限りなくリアルな俺様参上!
β.同僚は俺様
私は高峰ゆうり。

最近彼とうまくいってない。

仕事中でも沈みがち。

結構ダウン。

追い打ちをかけられるような着信。

『ゆうり、俺、他に好きな女できたから、悪い、じゃ!』

涙がにじんだ。

やっぱり捨てられた。

わかっていたけど

私にはどうすることも出来ない。

私は席を立ち

廊下へ向かった。

ドアを開けて通路に出た。

下を向きながら

足早に非常階段があるドアの中へ入った。

「ふ、ぅ、ぅ、」涙が溢れた。

流れる涙が止まらない。

思い切り泣きたいけど

ここは会社だ。

声を押し殺して泣いた。

「ゆうり、どうした?主任に怒鳴られたのか?」

誰?

誰もいないはずの場所だ。

涙で目がにじんで誰だか見えなかったけど

その声でわかった。

しかもタバコの煙の臭いが鼻にツンときた。

声の主が気に食わないヤツで

余計腹が立った。

「入江くん?こんなとこでタバコ吸って、非常ベルが鳴ったらどうすんのよ。

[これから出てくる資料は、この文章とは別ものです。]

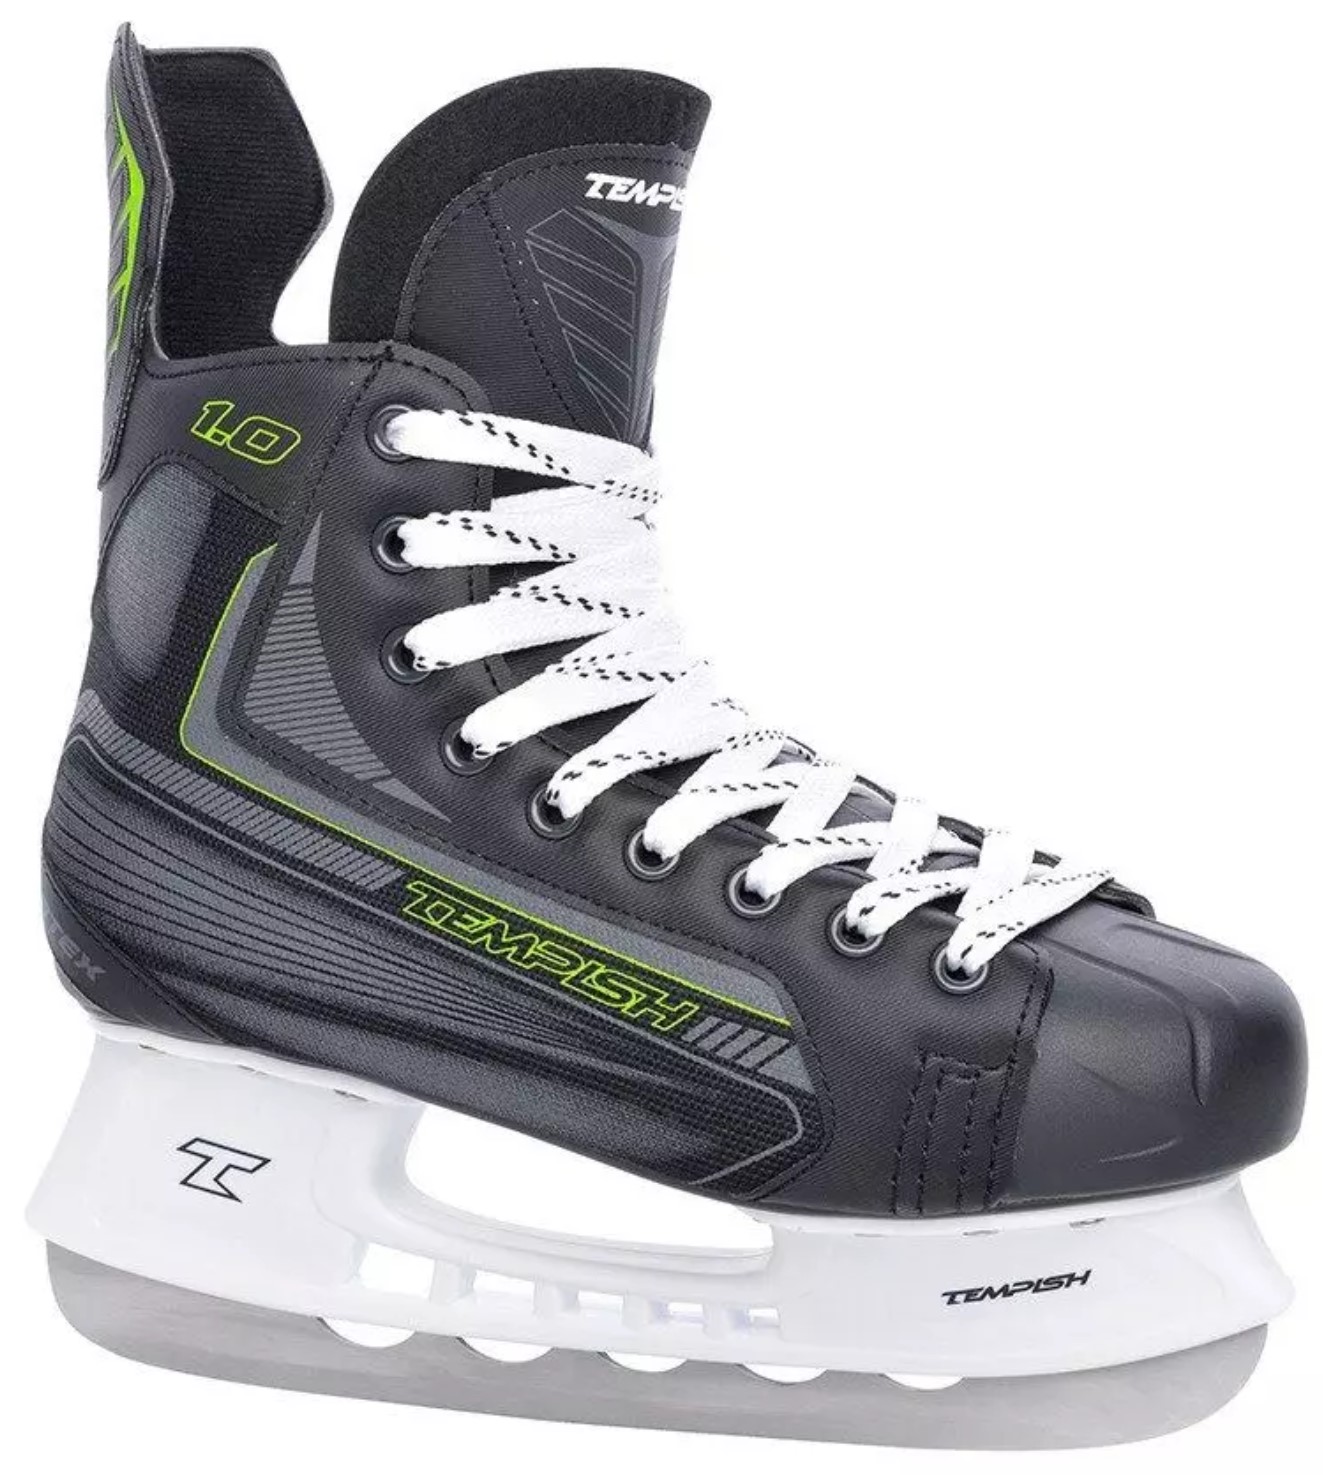 ice hockey skate Tempisch Wortex in black with green accents

」

「わかんない。鳴ったら鳴ったで、そん時考えるよ。」

「ふん、相変わらずいい加減。ちょっとモテるからっていつも鼻の下伸ばして、ニヤついてないであっち行ってよ。」

「随分言ってくれるじゃん。俺が先にここにいたんだよ。ったく、いつまでもメソメソしてんな。こっちまで暗くなっちまう。」

「何ですってぇ?」

私は彼と言い合いになり

その場から彼を追い払った。

いつの間にか気分がスッキリしていた。

「あー、スッキリした。とうとうアイツをここから追い出したわ。これで思い切り泣ける。」

でも取りあえず今じゃなくても

泣きたい時泣くことにして。

「さー、仕事、仕事。」

私は自分のデスクに戻った。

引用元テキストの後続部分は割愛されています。